Hi, I am trying to use Tophat for my RNA-seq analysis. I tested my PE reads following three protocols.
1, no reference gene annotation (GTF file) I noticed some PE reads are correctly mapped.

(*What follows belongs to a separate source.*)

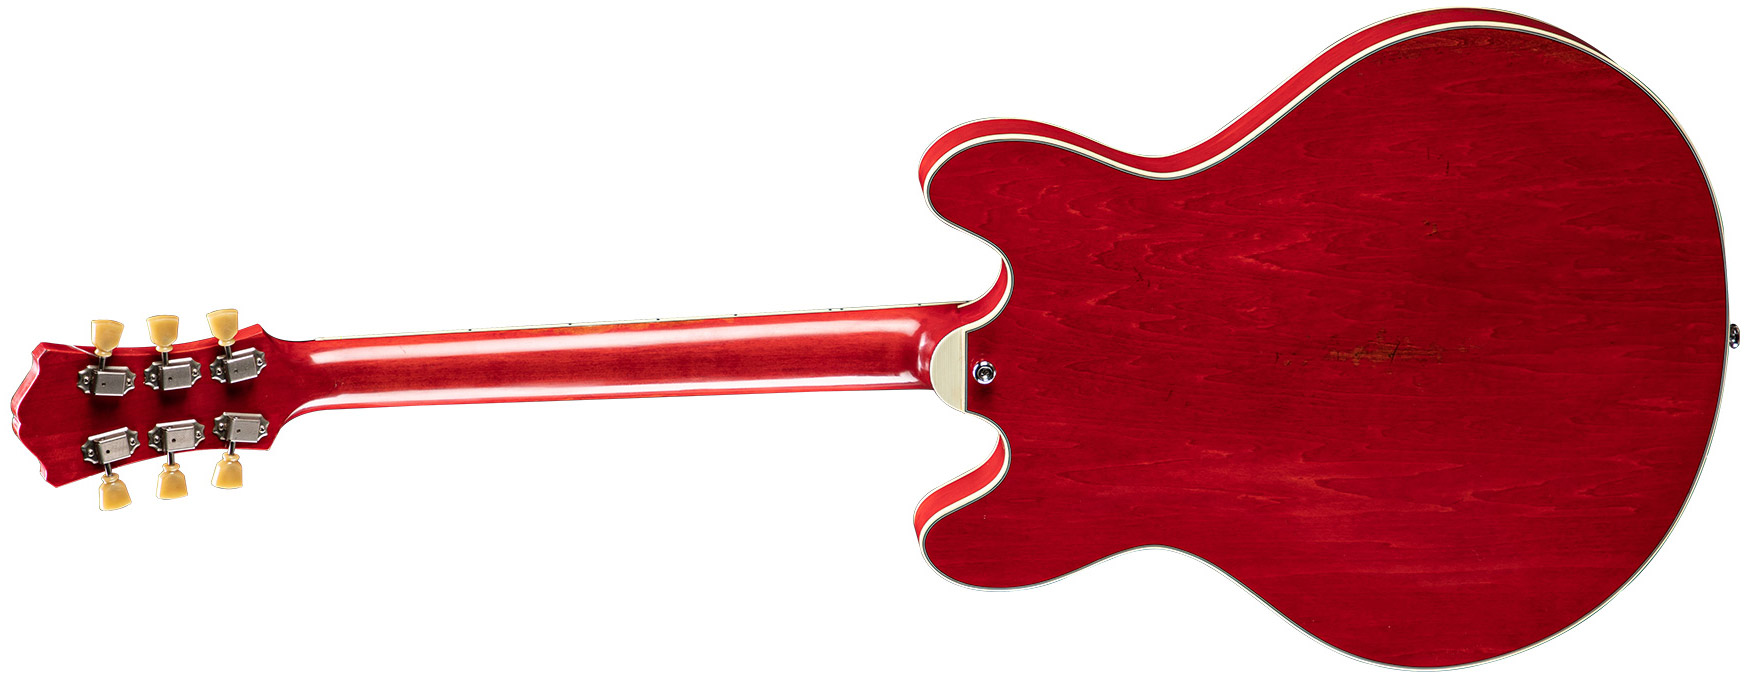 Eastman T64/v Thinline Laminate Tout Erable 2p90 Lollar Ht Eb - Antique Red - Guitare Électrique 1/2 Caisse - Variation 1

The flags are 83 and 163. See an example as the following:
M01339:30:000000000-A42G7:1:1101:15690:1356 163 chr8 126142440 0 32M = 126142503 96TACAGCACCCGGTATTCCCAGGCGGTCTCCCA $$$$$%%%&&&&"$%&(((((('%'( AS:i:0 XN:i:0 XM:i:0 XO:i:0 XG:i:0 NM:i:0 MD:Z:32 YT:Z:UU NH:i:9 HI:i:8
M01339:30:000000000-A42G7:1:1101:15690:1356 83 chr8 126142503 0 33M = 126142440 -96GCTTCCGAGATCAGACGAGATCGGGCGCGTTCA '''&''((%'$'''#'''#&&#&"&&$'&'$"" AS:i:0 XN:i:0 XM:i:0 XO:i:0 XG:i:0 NM:i:0 MD:Z:33 YT:Z:UU NH:i:9 HI:i:8
2, I provide GTF file downloaded from iGenome. The other parameters are the same, but then some of the PE reads lost its pairing in the mapping:
M01339:30:000000000-A42G7:1:1101:15690:1356 89 chr8 126142503 0 33M * 0 0 GCTTCCGAGATCAGACGAGATCGGGCGCGTTCA '''&''((%'$'''#'''#&&#&"&&$'&'$"" AS:i:0 XN:i:0 XM:i:0 XO:i:0 XG:i:0 NM:i:0 MD:Z:33 YT:Z:UU NH:i:20 HI:i:19
Please notice that here the read that once mapped to chr8:126142440 lost its mapping!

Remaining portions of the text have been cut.